Bu, küçük bir dizi örnek için iyi çalışır, ancak büyük bir set için çok verimsizdir.

Bu yüzden sorum şu: Klavyeyi görmek, bu seçici/pencereleme işlevlerinin katılımı sınırlamak için kullanabileceği bir yol olduğundan, 3 milyona 3 milyon kayıt yaptırmak zorunda değilim. kayıtlar? Ya da ben hep birlikte yanlış şekilde yapıyorum?



Yani, temelde, ikinci Observable numarasına giren ve yeni bir Konuya abone olan bir özel Operator uygulamaktı. Özel abone, esasen verilerde okur ve BlockingQueue'a yapıştırır, daha sonra buradan alınır ve orijinal Observable'dan gelen veriler ile birleştirilir.

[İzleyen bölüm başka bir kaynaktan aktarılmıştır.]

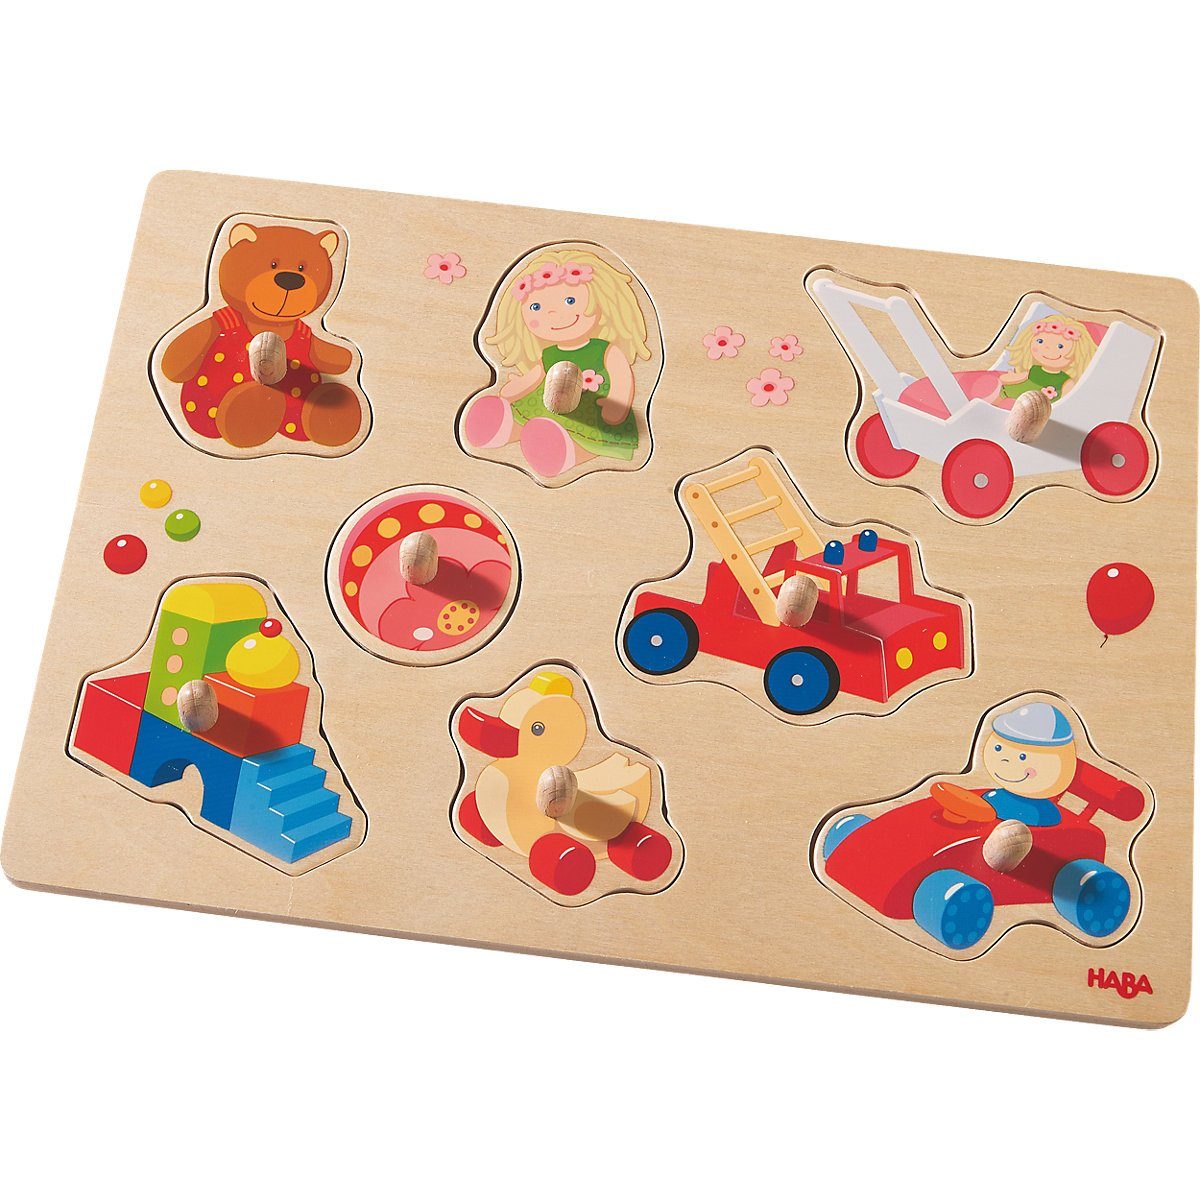 Haba Steckpuzzle »HABA 301963 Greifpuzzle Meine ersten Spielzeuge«,  Puzzleteile online kaufen | OTTO

import java.util.Comparator; 
import java.util.Objects; 
import java.util.concurrent.ArrayBlockingQueue; 
import java.util.concurrent.BlockingQueue; 
import java.util.concurrent.TimeUnit; 

import rx.Observable; 
import rx.Scheduler; 
import rx.Subscriber; 
import rx.functions.Action1; 
import rx.functions.Func2; 

* This class is an operator which can be used to join two {@link Observable} streams, 
* by matching them up using a {@link Comparator}. The two streams need to be sorted 
* according to the rules of the {@link Comparator} for this to work. 
* <p> 
* If the main stream is empty this might never get invoked even if the right stream 
* has data. 
public class JoinByComparisonOperator<I, R> implements Observable.Operator<R, I> 

    private final RightSubscriber<I> subscriberRight; 

    private final Comparator<I> comparator; 

    private final Func2<I, I, Observable<R>> resultSelector; 

    * The constructor for this class. 
    * <p> 
    * @param aRight 
    *  The observable that is joined to the "right" 
    * @param aScheduler 
    *  The scheduler used to run the "right" Observable as it always needs to 
    *  run on a new thread. 
    * @param aComparator 
    *  The comparator used to compare two input values. This should follow the 
    *  same rules by which the two input streams are sorted 
    * @param aResultSelector 
    *  Function that gets two matching results and can handle them accordingly. 
    *  Note the inputs can be null in case there was no match. 
    public JoinByComparisonOperator(
     final Observable<I>    aRight, 
     final Scheduler     aScheduler, 
     final Comparator<I>    aComparator, 
     final Func2<I, I, Observable<R>> aResultSelector 
     subscriberRight = new RightSubscriber<>(); 
     comparator  = aComparator; 
     resultSelector = aResultSelector; 

     .subscribeOn (aScheduler) 
     .subscribe (subscriberRight); 

    * Creates a new subscriber that gets called and passes on any calls in turn. 
    * @param aSubscriber 
    * @return 
    * <p> 
    * @see rx.functions.Func1#call(java.lang.Object) 
    public Subscriber<? super I> call (final Subscriber<? super R> aSubscriber) 
     return new LeftSubscriber (aSubscriber); 

    * The subscriber for the "left" stream, which is the main stream we are operating 
    * on. 
    private class LeftSubscriber extends Subscriber<I> 

     final Subscriber<? super R> nextSubscriber; 

     private I nextRight; 

     public LeftSubscriber (final Subscriber<? super R> aNextSubscriber) 
     nextSubscriber = aNextSubscriber; 

     private void selectResultInternal (I aLeft, I aRight) 
     resultSelector.call (aLeft, aRight).subscribe (new Action1<R>() 
      public void call (R aInput) 
       nextSubscriber.onNext (aInput); 

     public void onCompleted() 
     if (!nextSubscriber.isUnsubscribed()) 
      while (!subscriberRight.isComplete() || nextRight != null) 
        I myNext = null; 

        if (nextRight != null) 
        myNext = nextRight; 
        nextRight = null; 
        myNext = subscriberRight.takeNext(); 

        if (myNext != null) 
        selectResultInternal (null, myNext); 
       catch (InterruptedException myException) 
        onError (myException); 


     public void onError (Throwable aE) 
     if (!nextSubscriber.isUnsubscribed()) 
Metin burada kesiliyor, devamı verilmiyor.